- **Collected material**

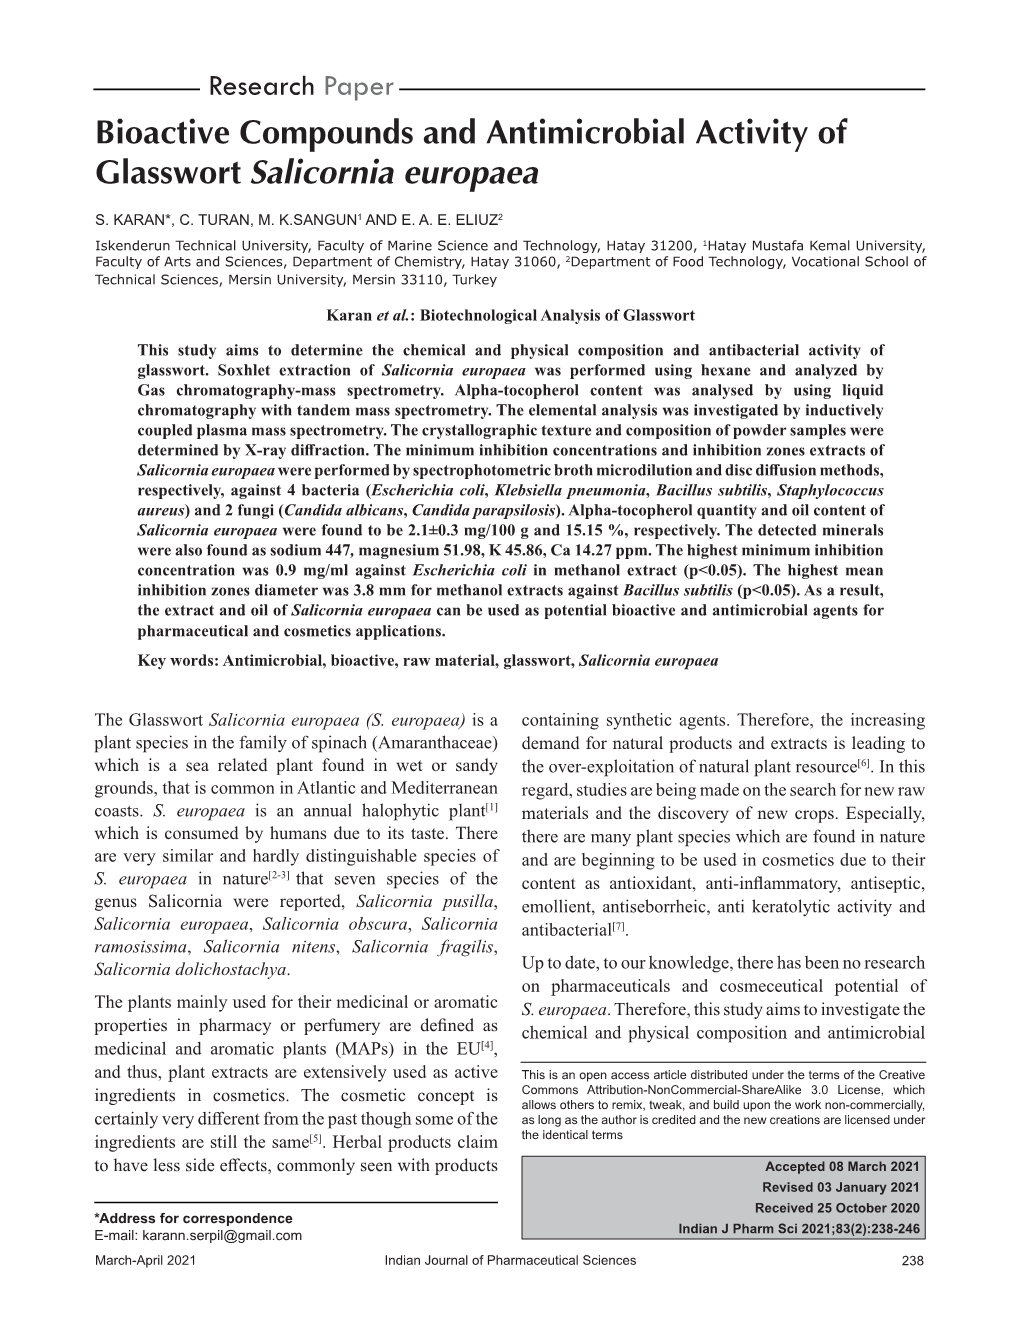 Bioactive Compounds and Antimicrobial Activity of Glasswort Salicornia Europaea
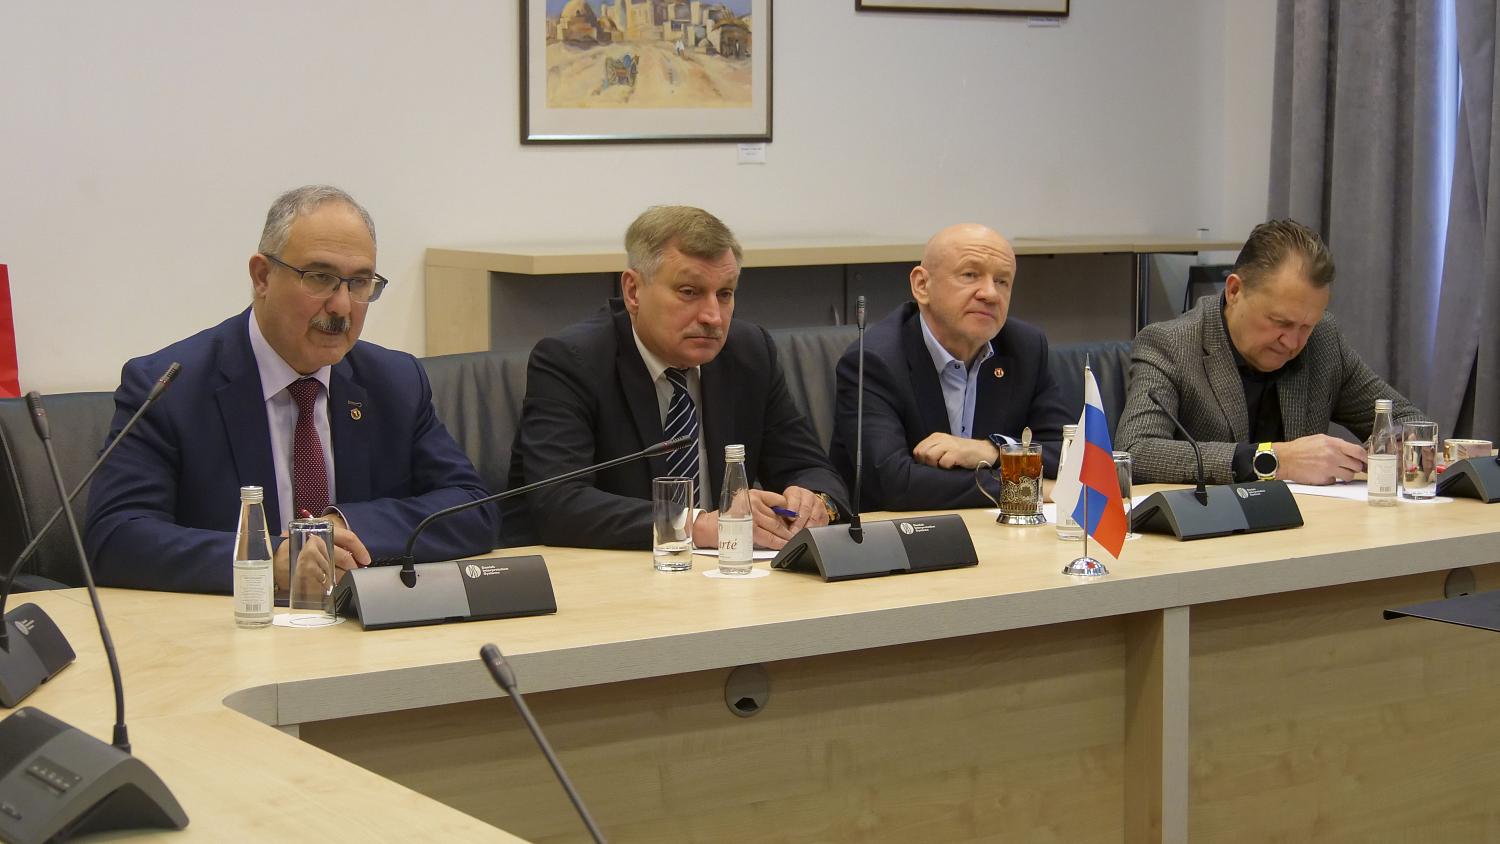 Distinguished guests from Indonesia visited the Moscow Chamber of Commerce and Industry
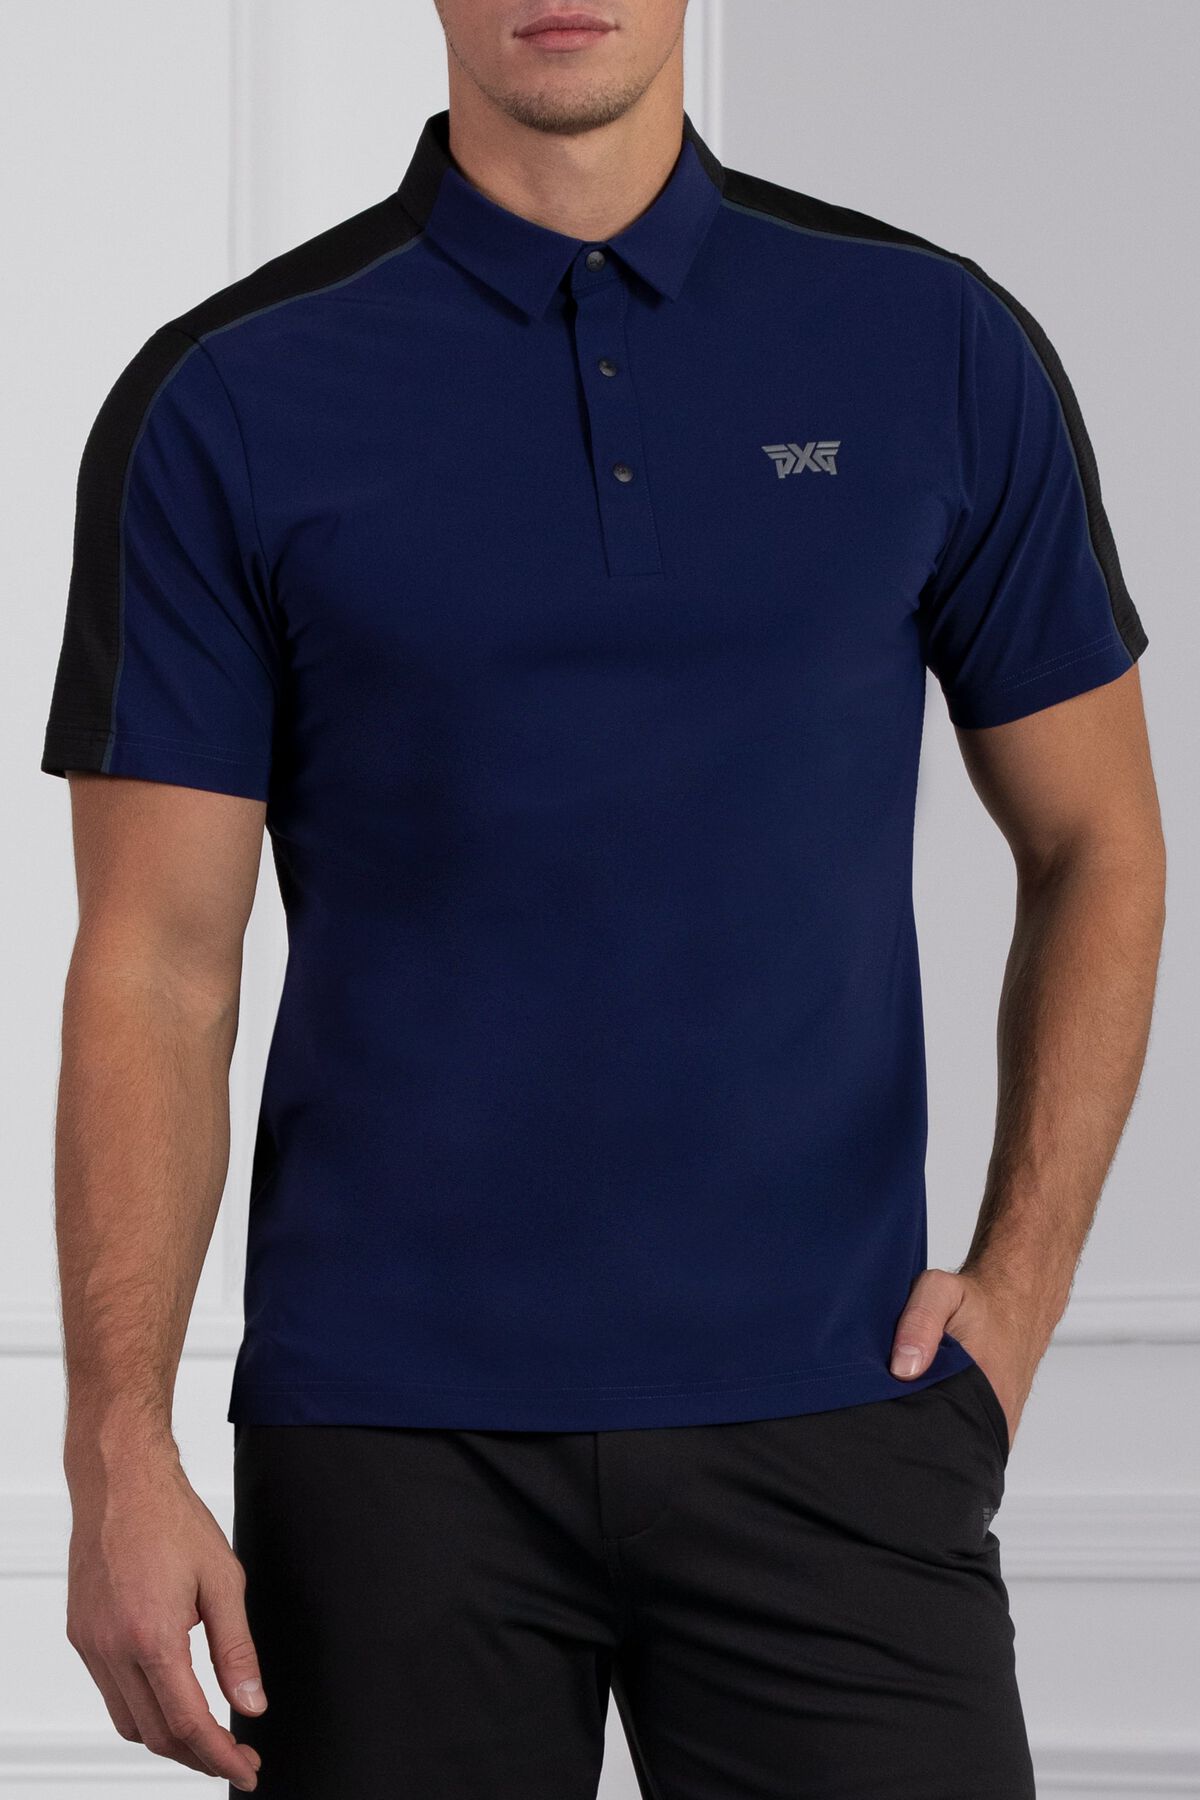 Athletic Fit BP Hybrid Polo  Shop the Highest Quality Golf Apparel, Gear,  Accessories and Golf Clubs at PXG

- **Work required**
Write out verbatim the lines from the one containing "Distinguished guests from" through the last line of the listing above, and no other lines; omit pictures.

- **Response to the exercise**
 Distinguished guests from Indonesia visited the Moscow Chamber of Commerce and Industry
 Athletic Fit BP Hybrid Polo  Shop the Highest Quality Golf Apparel, Gear,  Accessories and Golf Clubs at PXG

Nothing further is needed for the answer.